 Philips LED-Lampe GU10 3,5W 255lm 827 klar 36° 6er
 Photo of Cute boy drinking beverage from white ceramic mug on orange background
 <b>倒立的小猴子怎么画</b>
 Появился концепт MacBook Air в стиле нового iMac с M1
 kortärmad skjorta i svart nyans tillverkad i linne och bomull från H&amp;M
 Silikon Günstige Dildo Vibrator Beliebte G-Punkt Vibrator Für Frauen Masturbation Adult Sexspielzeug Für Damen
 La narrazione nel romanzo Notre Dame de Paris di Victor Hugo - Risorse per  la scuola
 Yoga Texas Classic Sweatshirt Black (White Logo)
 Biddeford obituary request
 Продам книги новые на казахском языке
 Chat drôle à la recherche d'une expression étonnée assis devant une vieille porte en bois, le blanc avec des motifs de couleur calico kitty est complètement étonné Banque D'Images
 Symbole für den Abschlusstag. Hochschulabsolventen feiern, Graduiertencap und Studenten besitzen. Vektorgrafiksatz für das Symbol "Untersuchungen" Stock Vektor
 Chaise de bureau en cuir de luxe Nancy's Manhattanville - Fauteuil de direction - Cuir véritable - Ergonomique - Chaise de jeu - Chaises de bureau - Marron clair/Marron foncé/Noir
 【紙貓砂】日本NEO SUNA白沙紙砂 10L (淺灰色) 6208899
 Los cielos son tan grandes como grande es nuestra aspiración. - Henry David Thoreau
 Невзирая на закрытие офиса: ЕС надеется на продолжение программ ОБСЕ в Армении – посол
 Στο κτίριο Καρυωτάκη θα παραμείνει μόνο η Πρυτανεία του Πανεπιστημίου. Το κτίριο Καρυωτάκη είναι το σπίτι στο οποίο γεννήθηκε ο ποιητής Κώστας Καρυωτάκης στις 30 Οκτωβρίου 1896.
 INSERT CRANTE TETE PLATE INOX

→ TASK INSTRUCTIONS:
From the line holding "<b>倒立的小猴子怎么画</b>" to the last line of the data above, copy every line exactly and include nothing more.

→ SOLUTION TO THIS EXERCISE:
 <b>倒立的小猴子怎么画</b>
 Появился концепт MacBook Air в стиле нового iMac с M1
 kortärmad skjorta i svart nyans tillverkad i linne och bomull från H&amp;M
 Silikon Günstige Dildo Vibrator Beliebte G-Punkt Vibrator Für Frauen Masturbation Adult Sexspielzeug Für Damen
 La narrazione nel romanzo Notre Dame de Paris di Victor Hugo - Risorse per  la scuola
 Yoga Texas Classic Sweatshirt Black (White Logo)
 Biddeford obituary request
 Продам книги новые на казахском языке
 Chat drôle à la recherche d'une expression étonnée assis devant une vieille porte en bois, le blanc avec des motifs de couleur calico kitty est complètement étonné Banque D'Images
 Symbole für den Abschlusstag. Hochschulabsolventen feiern, Graduiertencap und Studenten besitzen. Vektorgrafiksatz für das Symbol "Untersuchungen" Stock Vektor
 Chaise de bureau en cuir de luxe Nancy's Manhattanville - Fauteuil de direction - Cuir véritable - Ergonomique - Chaise de jeu - Chaises de bureau - Marron clair/Marron foncé/Noir
 【紙貓砂】日本NEO SUNA白沙紙砂 10L (淺灰色) 6208899
 Los cielos son tan grandes como grande es nuestra aspiración. - Henry David Thoreau
 Невзирая на закрытие офиса: ЕС надеется на продолжение программ ОБСЕ в Армении – посол
 Στο κτίριο Καρυωτάκη θα παραμείνει μόνο η Πρυτανεία του Πανεπιστημίου. Το κτίριο Καρυωτάκη είναι το σπίτι στο οποίο γεννήθηκε ο ποιητής Κώστας Καρυωτάκης στις 30 Οκτωβρίου 1896.
 INSERT CRANTE TETE PLATE INOX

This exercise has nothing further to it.